◆ PROBLEM TO WORK ON
Copy the records below exactly, from the line containing "the cargo area." through the last line, and leave out every picture.

◆ DATA RECORDS
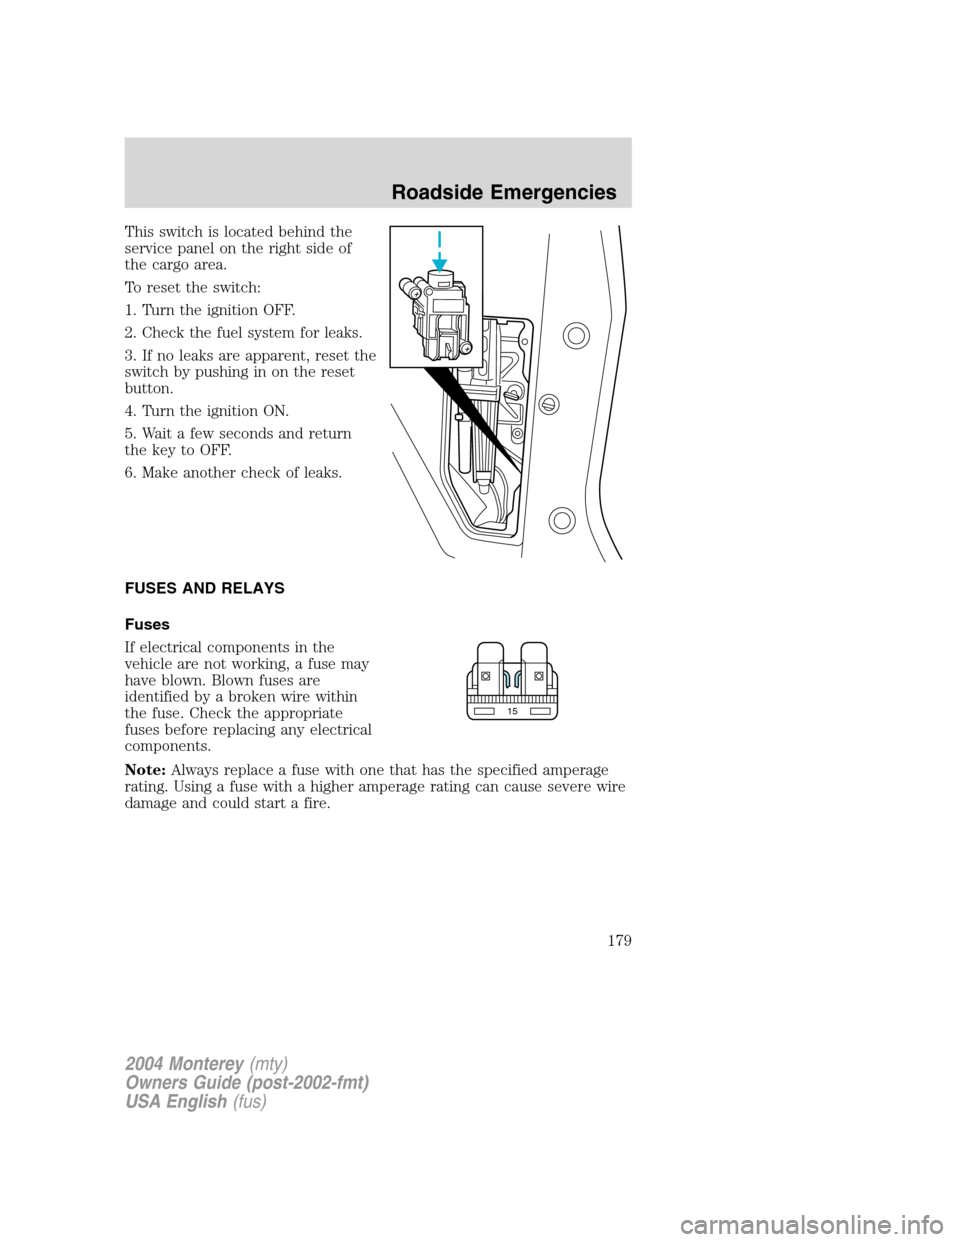 Mercury Monterey 2004  Owners Manuals This switch is located behind the
service panel on the right side of
the cargo area.
To reset the switch:
1. Turn the ignition OFF.
2. Check the fuel system for leaks.
3. If no leaks are apparent, res
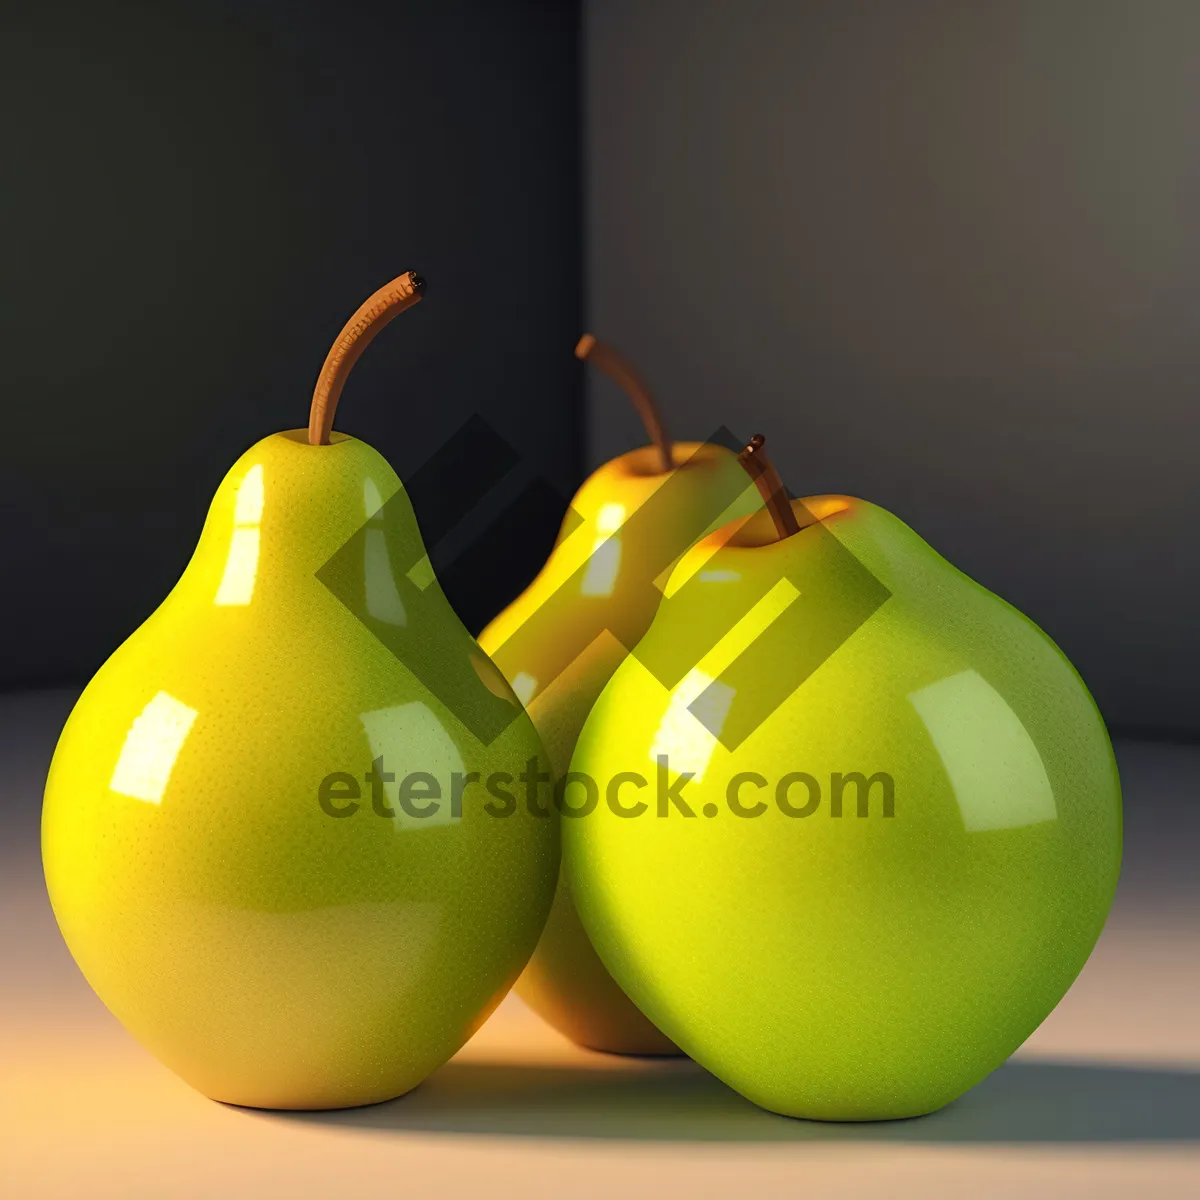 Picture of Shiny Sour Apple Food Icon

◆ ANSWER AREA
the cargo area.
To reset the switch:
1. Turn the ignition OFF.
2. Check the fuel system for leaks.
3. If no leaks are apparent, res
 Picture of Shiny Sour Apple Food Icon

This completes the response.